Супруги жили в полном согласии, несмотря на различие характеров: муж был по природе общительным, гостеприимным человеком, любил всех своих многочисленных родичей, а в юности, как уже упоминалось, предпочитал общество веселых бойких женщин; и почему он выбрал в жены именно эту особу, как случилось, что они подошли друг другу, представляется трудноразрешимой загадкой, которую можно, однако, разрешить, если дать себе труд вникнуть в существо дела. Сейчас же я ограничусь замечанием, что в натуре мистера Йорка наряду с жизнерадостностью уживалась и некоторая мрачность, и потому-то ему пришлась по душе угрюмость его супруги. Впрочем, это была женщина трезвого ума; с ее уст ни разу не слетело ни одно необдуманное или пустое слово. Она придерживалась строгих демократических взглядов на общество в целом и несколько циничных на человеческую натуру; самое себя она считала безупречно добродетельной, а весь остальной мир – порочным. Основным ее недостатком была неискоренимая подозрительность, мрачное предубеждение против всех людей, их поступков и взглядов; эта подозрительность туманила ей глаза и была ей плохим советчиком в жизни.
Трудно предположить, чтобы у таких супругов были заурядные, ничем не примечательные дети; и заурядными они, конечно, не были.

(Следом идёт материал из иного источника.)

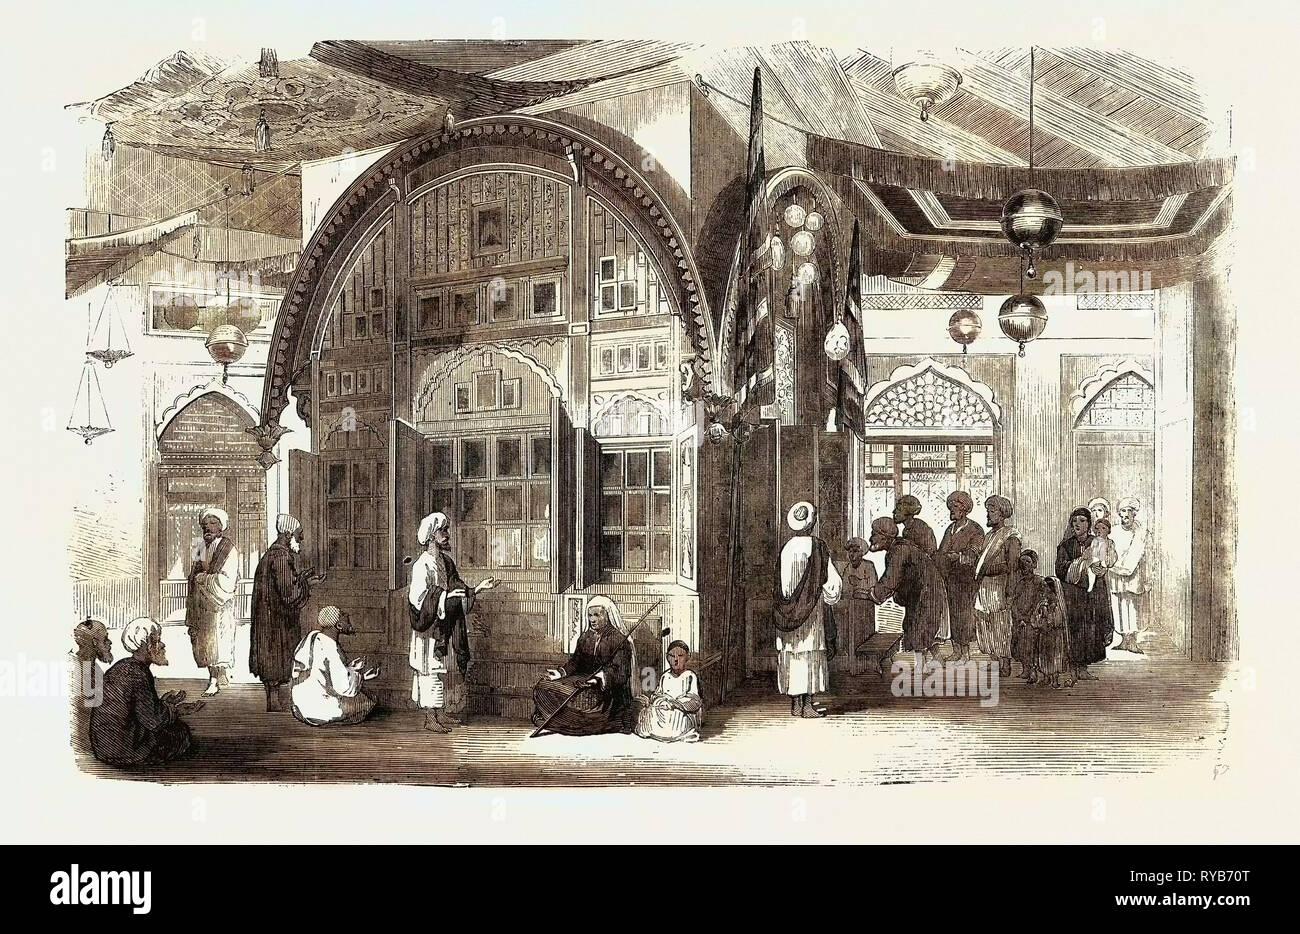 Tomba di un Mussulman, interno della tomba del padre di Sheik Imaum-Oo-Deen, fine governatore del Cashmere sotto Shere Singh, 1858 Immagini Stock

Перед вами, читатель, их шестеро: самого младшего, грудного младенца, мать держит на руках; он пока еще безраздельно принадлежит ей, в нем – одном-единственном – она еще не сомневается, не подозревает его, не осуждает; она его кормилица, он тянется, льнет к ней, любит ее превыше всего на свете, в этом она уверена, – ведь его жизнь всецело зависит от нее, иначе он относиться к ней не может, и поэтому-то он так ей дорог.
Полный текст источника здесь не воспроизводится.